Nu heeft de ECB natuurlijk, in tegenstelling tot de Fed of andere centrale banken, niet nadrukkelijk de opdracht om de groei of de werkgelegenheid te ondersteunen. Er wordt van haar echter wel verwacht dat zij – zonder de prijsstabiliteit in het gedrang te brengen – bijdraagt aan de doelstellingen van de muntunie, waaronder de groei. Christine Lagarde heeft bovendien zelf handig opgemerkt dat de verslechterende groeivooruitzichten de inflatie verder kunnen drukken. Die zou daardoor met andere woorden te sterk kunnen afnemen, waarna een ingreep van de ECB gerechtvaardigd zou zijn. De ECB heeft dus in wezen alle kaarten in handen om nu al een versnelling hoger te schakelen in haar verruiming van het monetaire beleid. Dat de centrale bank dat niet doet, kan alleen betekenen dat zij in haar strijd tegen de inflatie té voorzichtig is, of – waarschijnlijker – er niet in slaagt de meest orthodoxe leden van de raad van bestuur daarvan te overtuigen. De geschiedenis bevat echter leerrijke lessen voor degenen die zich te terughoudend opstellen.
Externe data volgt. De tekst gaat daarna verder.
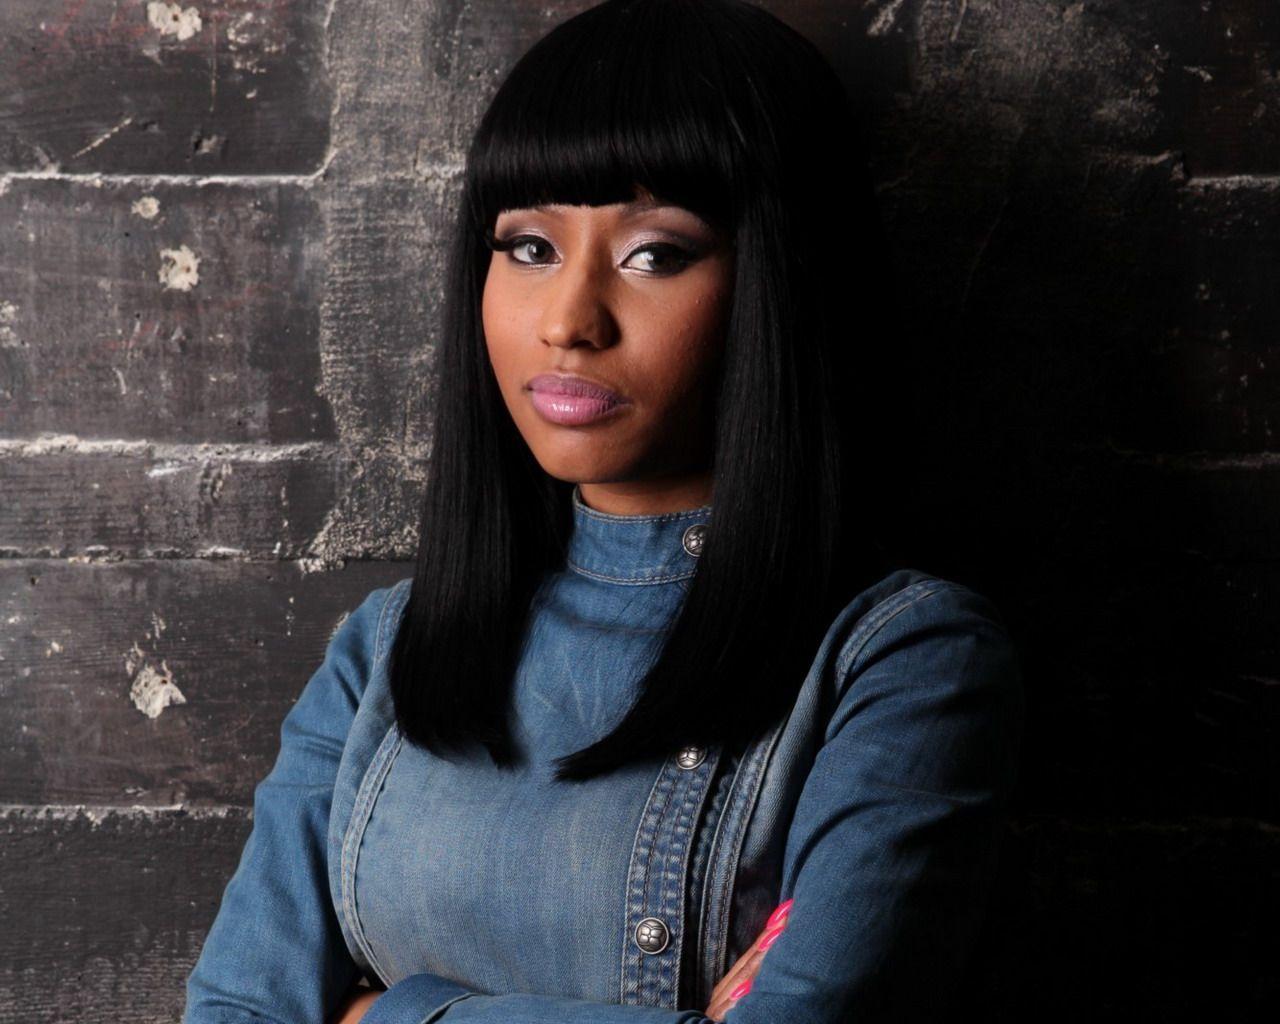 Free Nicki Minaj Wallpapers - Wallpaper Cave

Zo heeft de eurozone een hoge prijs betaald voor het getalm, de fouten en de gebrekkige afstemming van het monetaire beleid tussen 2008 en 2011, een periode die uitmondde in een ‘verloren decennium’: het bbp steeg van 2010 tot 2019 met slechts 13%, terwijl de Verenigde Staten er 26% op vooruitgingen. De ECB zou er goed aan doen zich die periode te herinneren, want zoals de beroemde, soms aan Seneca toegeschreven zegswijze luidt: “Errare humanum est, perseverare diabolicum1.

1 “Fouten maken is menselijk, maar volharden [in die fouten] is des duivels”.